++++ Stored data ++++

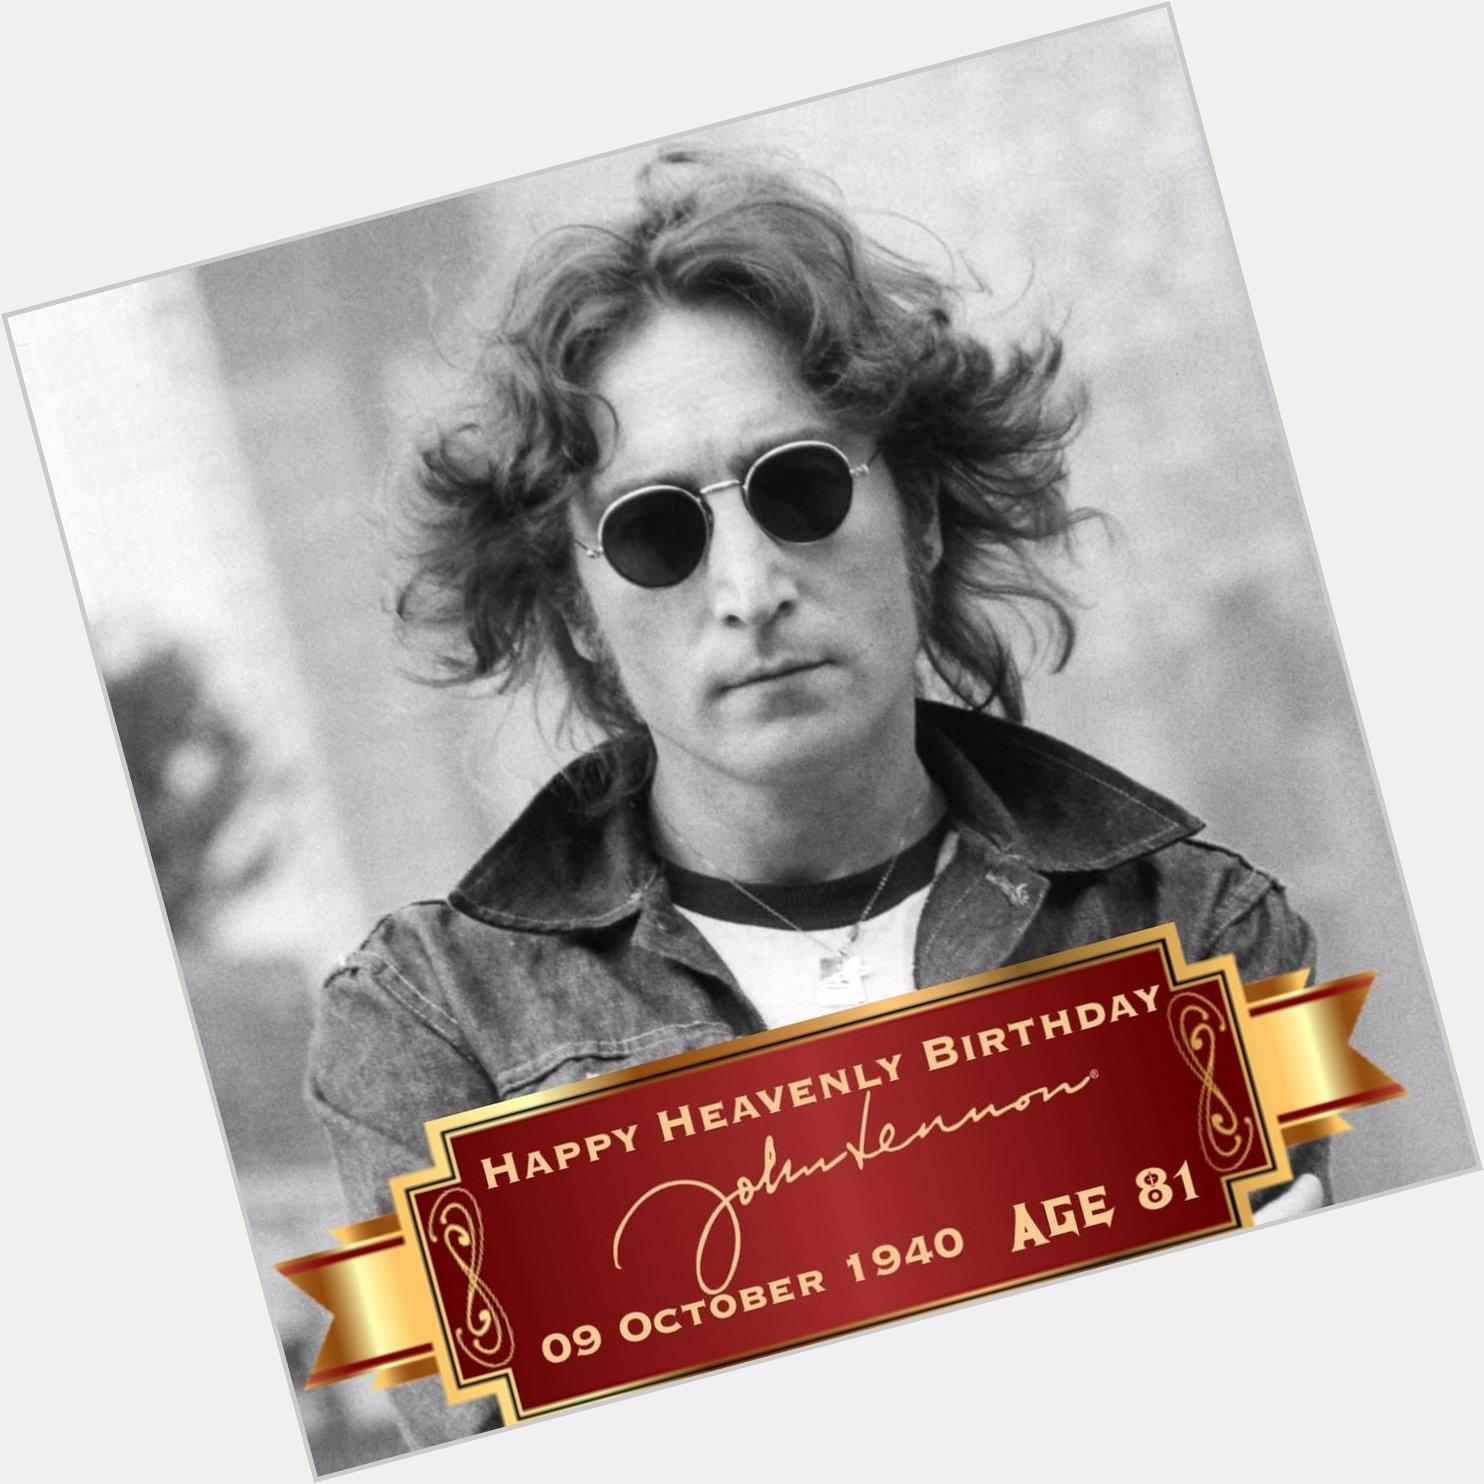 Happy Heavenly Birthday to sir John Lennon (     
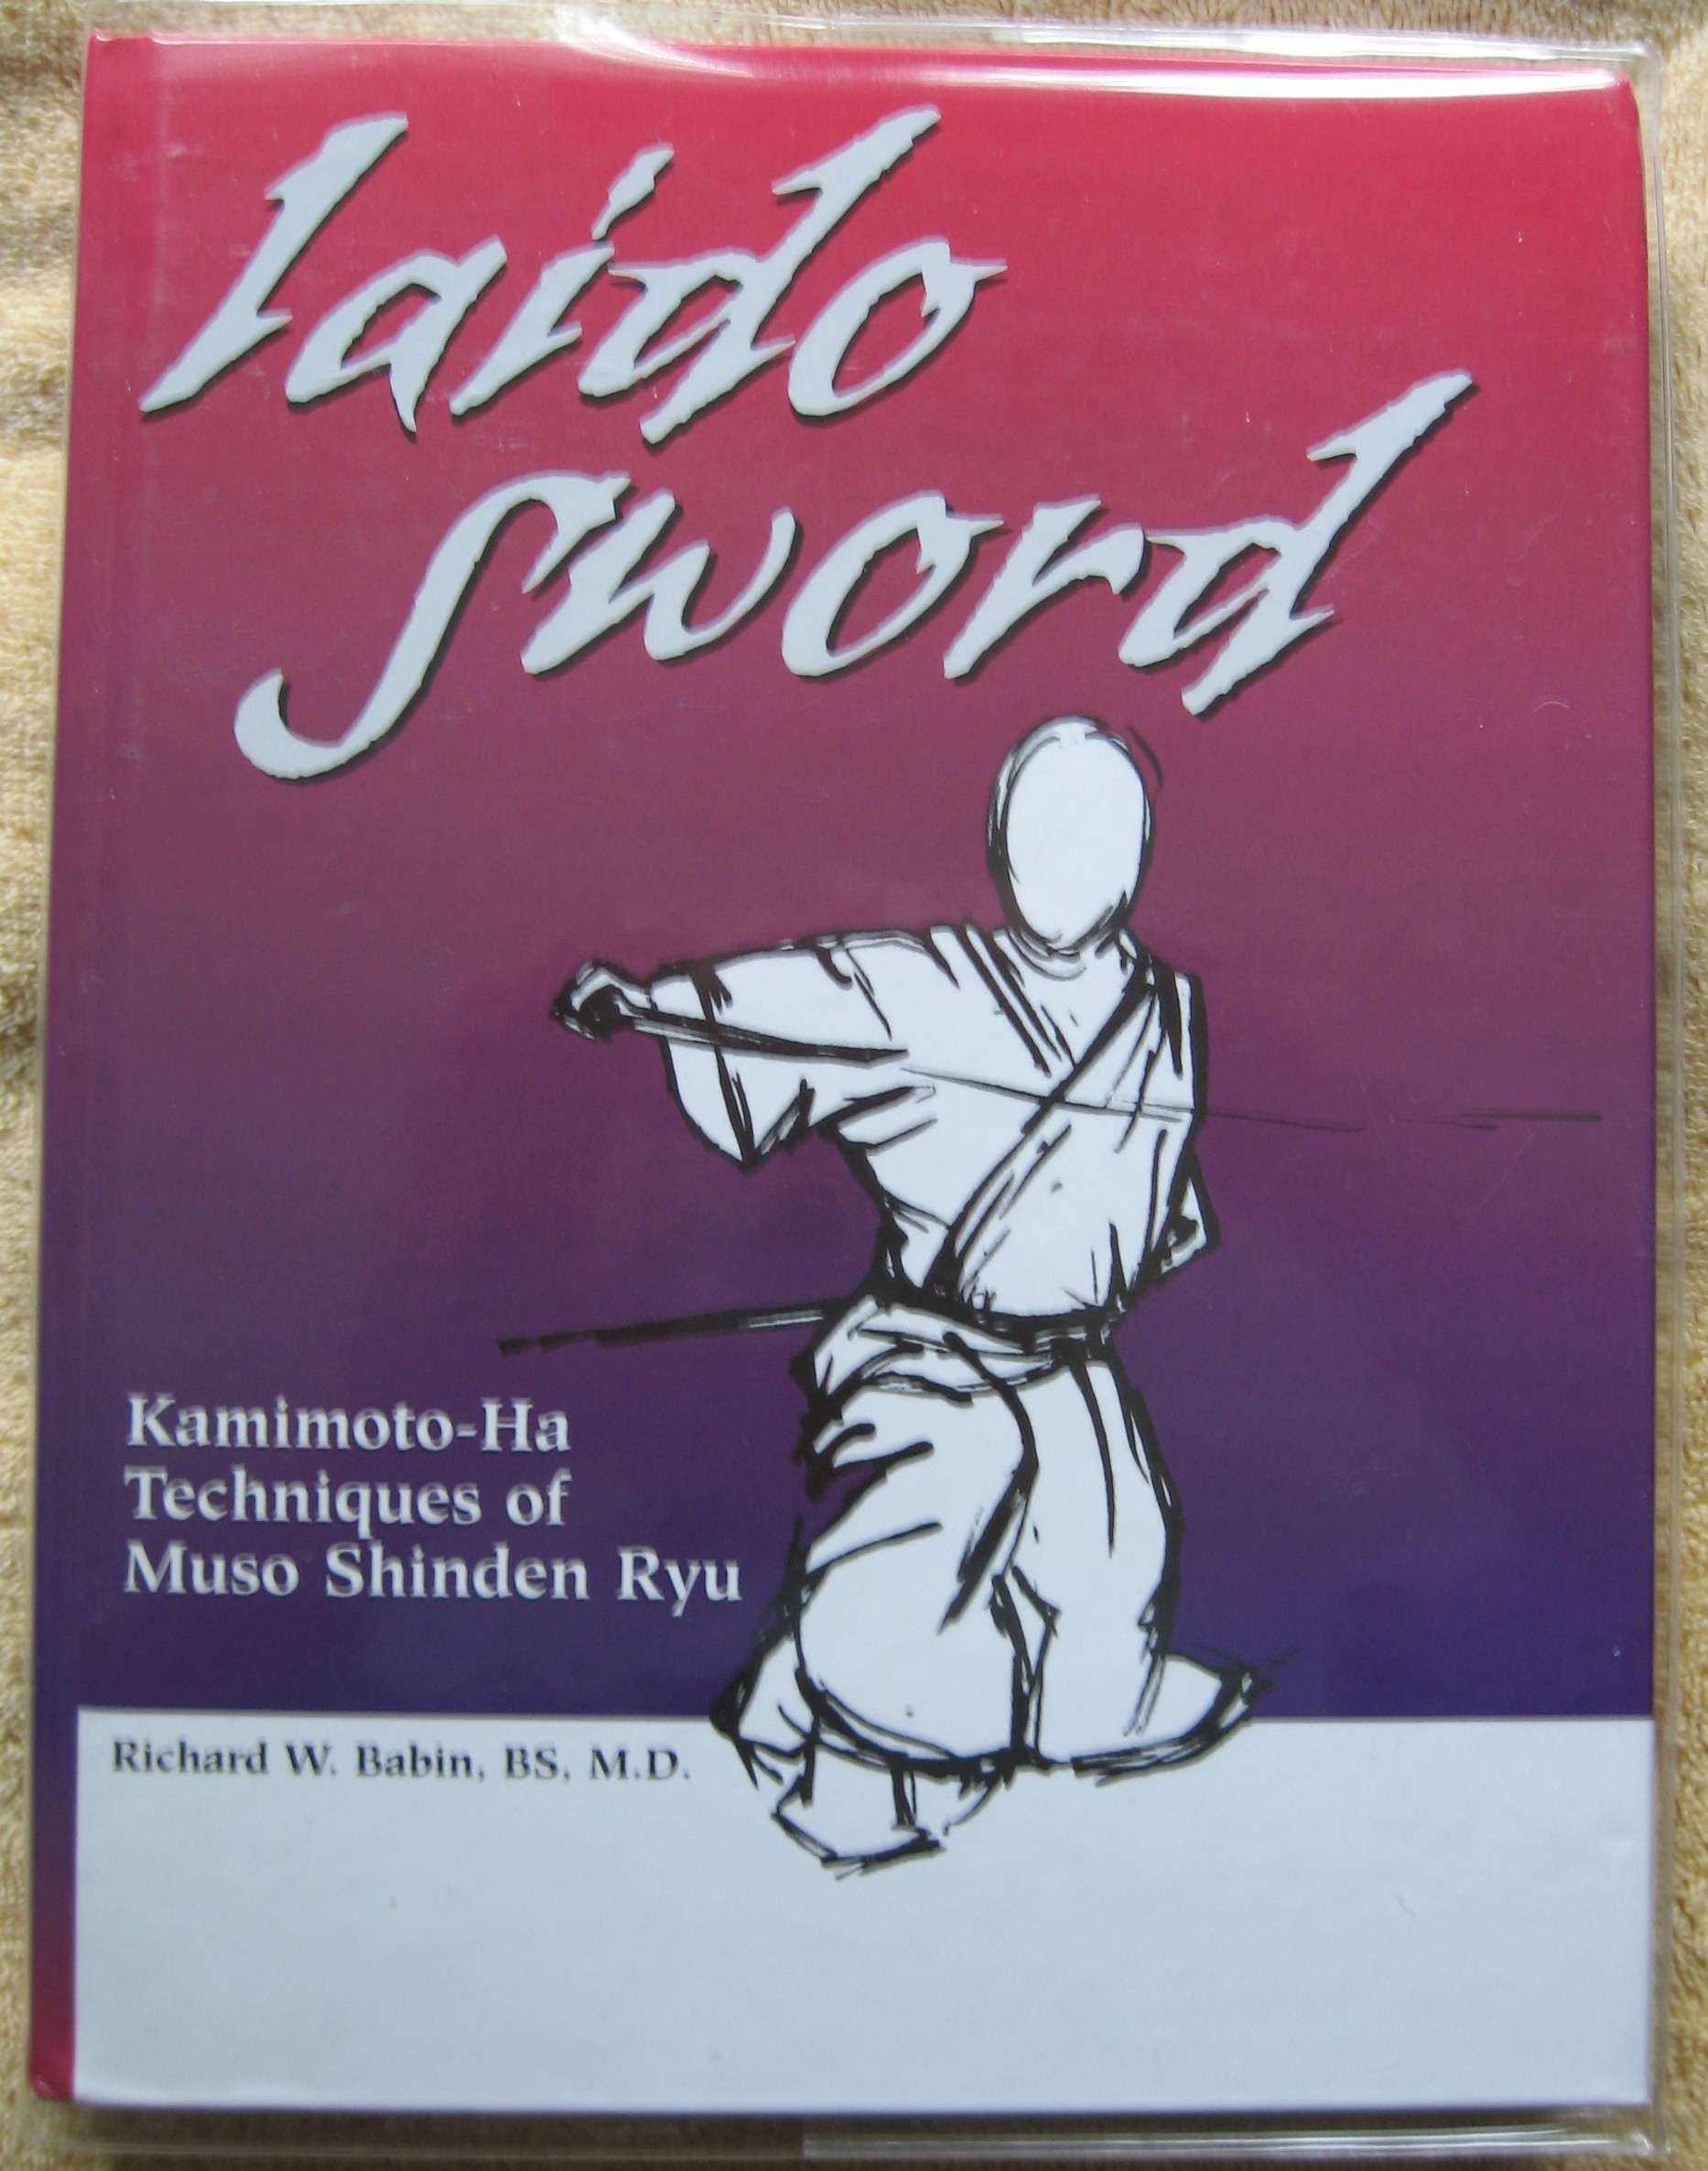 IAIDO SWORD
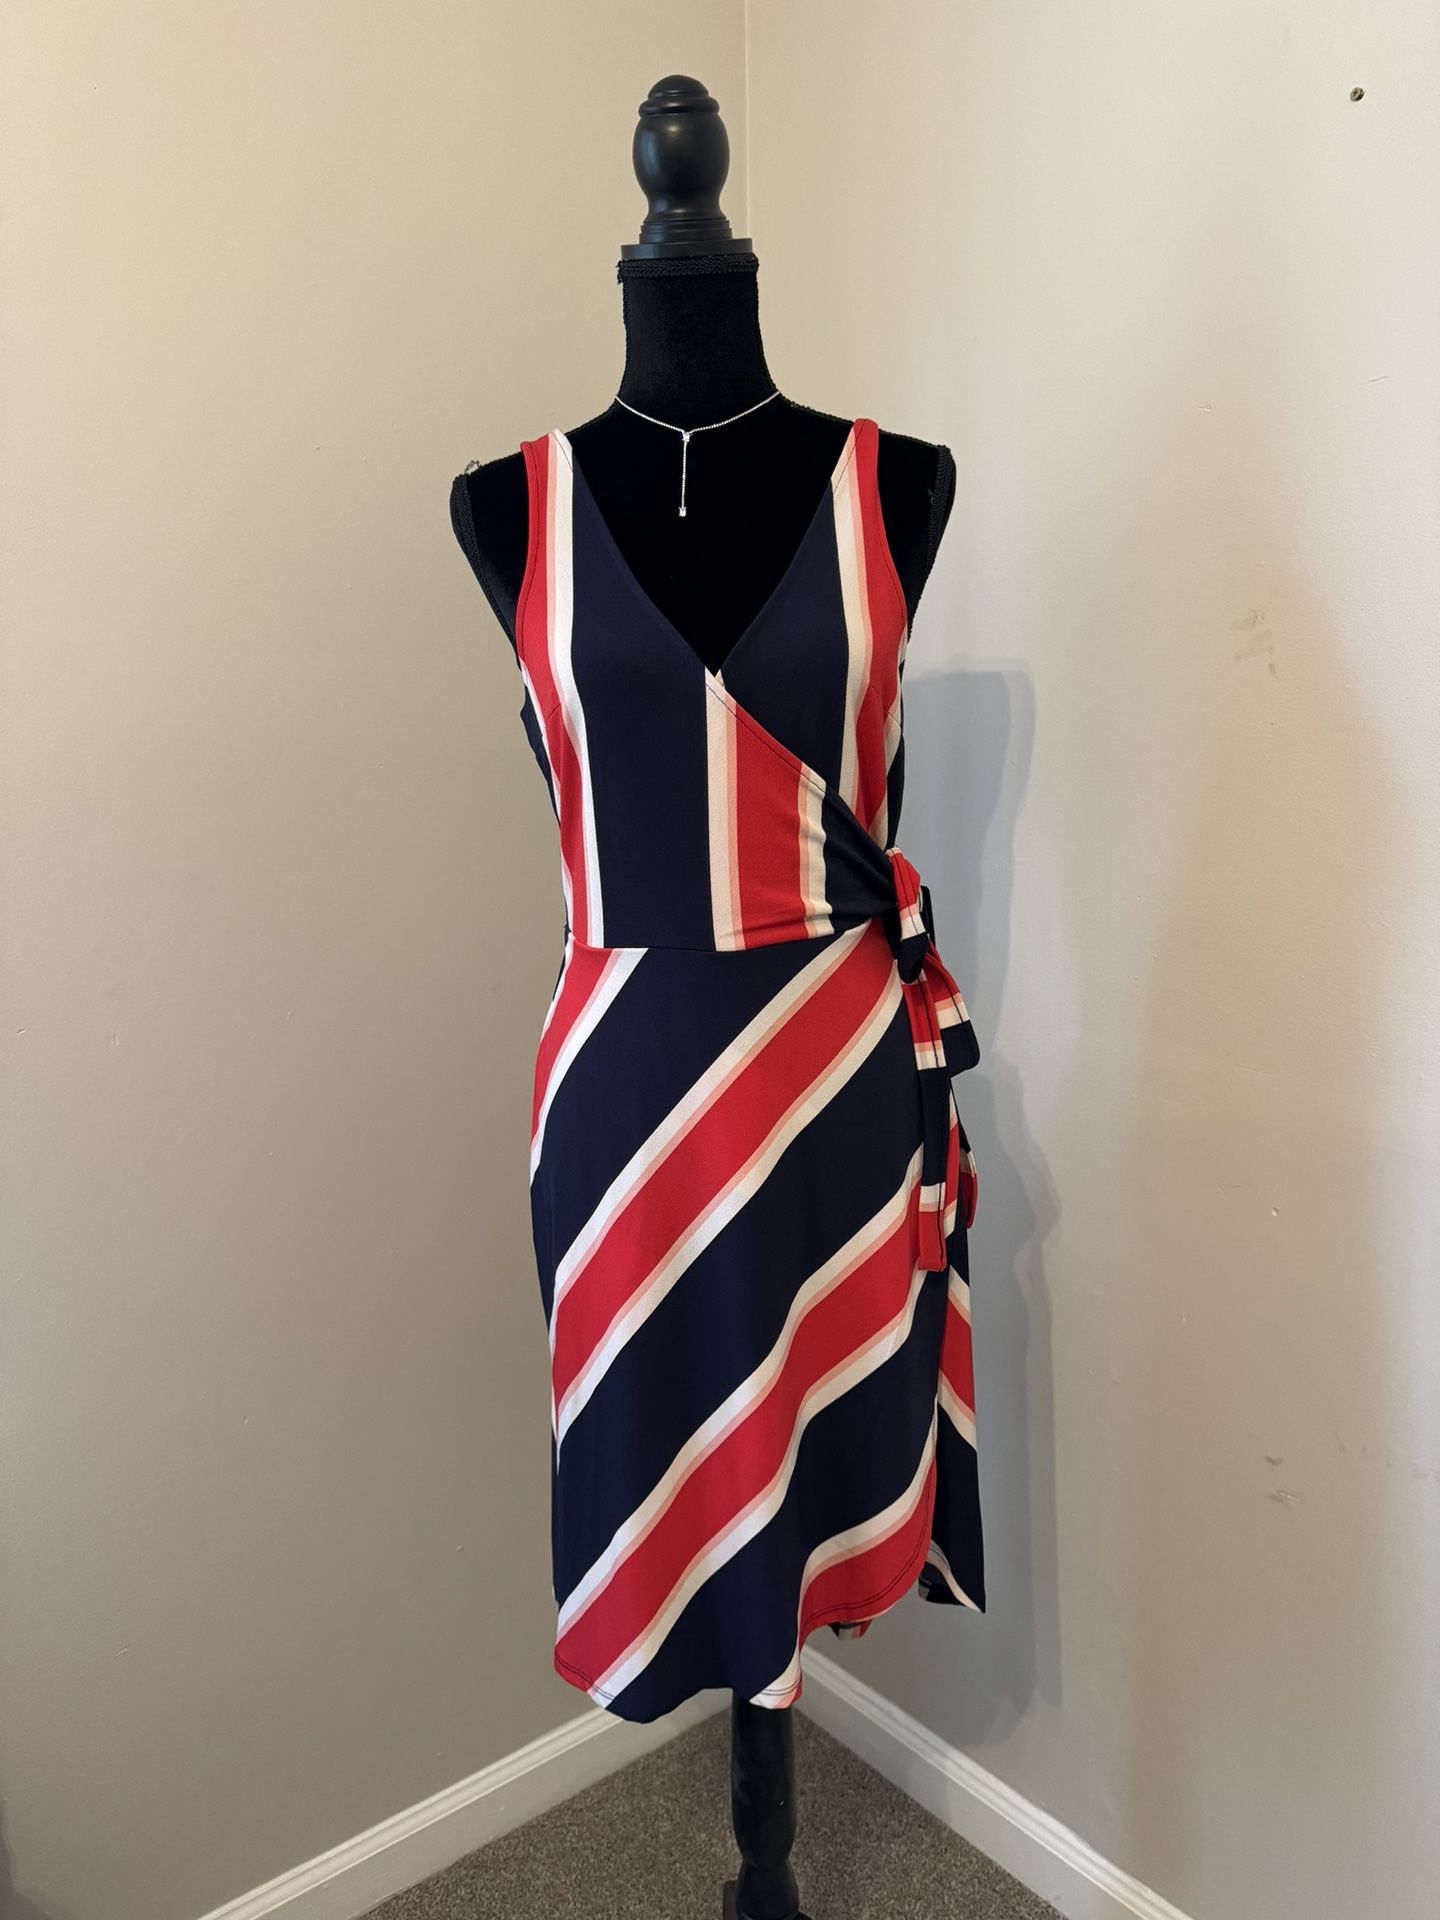 New! Express Striped Wrap Dress Size M

++++

__Exercise directions__
Reproduce the data above exactly, leaving out any picture in it.

__Answer area__
 Happy Heavenly Birthday to sir John Lennon (     
 IAIDO SWORD
 New! Express Striped Wrap Dress Size M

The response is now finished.